Hey Fiafighterdude... I thought you were a Whelen Man... Guess you'll have to change up your signiture line huh?


----------



## ColliganLands (Sep 4, 2008)

the mini-phantom is an awesome light for the price. extremely bright and minimal flashback
i have one in my jeep and its awesome


----------



## Fiafighterdude (Jan 2, 2008)

Pirsch;680376 said:


> Hey Fiafighterdude... I thought you were a Whelen Man... Guess you'll have to change up your signiture line huh?


i just bought them as demos i had a few people wanting to know what they looked like in person before they bought them i wont use them on my truck thats all WHELEN LIGHTS lol


----------



## Fiafighterdude (Jan 2, 2008)

im gonna buy a buch of whelen lights to have as demos to as soon as i get $2000


----------



## Fiafighterdude (Jan 2, 2008)

Pirsch;680376 said:


> Hey Fiafighterdude... I thought you were a Whelen Man... Guess you'll have to change up your signiture line huh?


 and dont be hating beacuse i dont have the grinch as my sig


----------



## groundbreakers (Jan 16, 2004)

Fiafighterdude;680270 said:


> Just bought the Star SVP Mini Phantom MAX and the Able 2 / SHO-ME 360° LED Beacon both amber
> 
> just wantedto see what everyone thought of them ?


the able 2 led beacon is not a bad light for $100 bucks .. i have one ....


----------



## Fiafighterdude (Jan 2, 2008)

groundbreakers;681034 said:


> the able 2 led beacon is not a bad light for $100 bucks .. I have one ....


video man video


----------



## Pirsch (Jun 1, 2007)

Fiafighterdude;680942 said:


> and dont be hating beacuse i dont have the grinch as my sig


Wait till you see what I have planed for the upcoming holidays...You'll love it!


----------



## mikelawtown (Dec 5, 2004)

The mini phantom is great but only at night, i have the whelen slim meiser which is just about identical..bright at night, i have mine on the lower dash.


----------



## murphyslaw (Oct 2, 2005)

I have three mini phantom's and they have good coverage even in the day to me.they were the primary on one of my vehicles while my primary rig was in the shop. moved traffic just fine. I know use then as secondary and lower priority lighting.


----------



## Fiafighterdude (Jan 2, 2008)

Video of the led beacon tonight fo every one


----------



## Fiafighterdude (Jan 2, 2008)




----------



## Ford445 (May 26, 2006)

I like the concept of the LED beacons, but I have yet to see one in person that really has the reach out and slap you kind of effect. I think they are too directional maybe? Maybe they need to design one that has the diodes point in all kinds of angles and directions. 
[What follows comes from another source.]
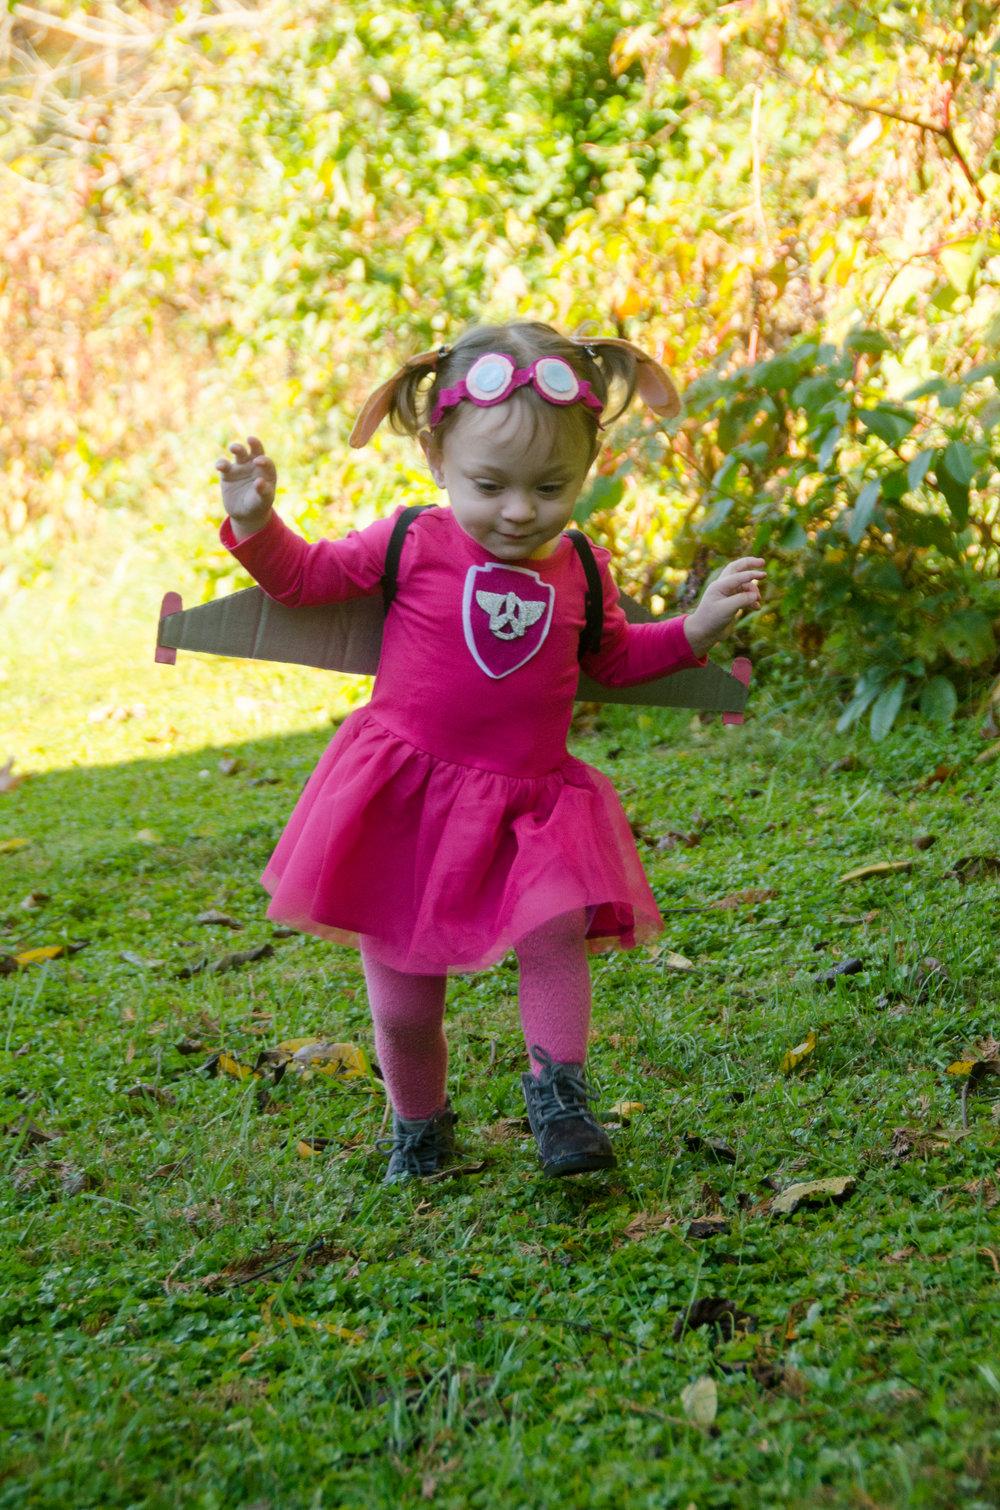 addie belle - 2 years old - october 2017 - shegotguts.com-7.jpg

Thanks for the videos though, it always good to have people go out and spend THEIR money so we can all see whats out there.


----------



## maelawncare (Mar 4, 2004)

Ford445;688999 said:


> I like the concept of the LED beacons, but I have yet to see one in person that really has the reach out and slap you kind of effect. I think they are too directional maybe? Maybe they need to design one that has the diodes point in all kinds of angles and directions.
> 
> Thanks for the videos though, it always good to have people go out and spend THEIR money so we can all see whats out there.


here yea go

http://www.projectresponder.com/pse/d254-RotoLED-LED-Hybrid-Minibar.htm


----------



## NickGB (Dec 21, 2008)

I have never been impressed with any light that used 5mm LEDs with no spreader optics whatsoever. Extremely unimpressed with the mini phantom.


----------



## Fiafighterdude (Jan 2, 2008)

Ford445;688999 said:


> I like the concept of the LED beacons, but I have yet to see one in person that really has the reach out and slap you kind of effect. I think they are too directional maybe? Maybe they need to design one that has the diodes point in all kinds of angles and directions.
> 
> Thanks for the videos though, it always good to have people go out and spend THEIR money so we can all see whats out there.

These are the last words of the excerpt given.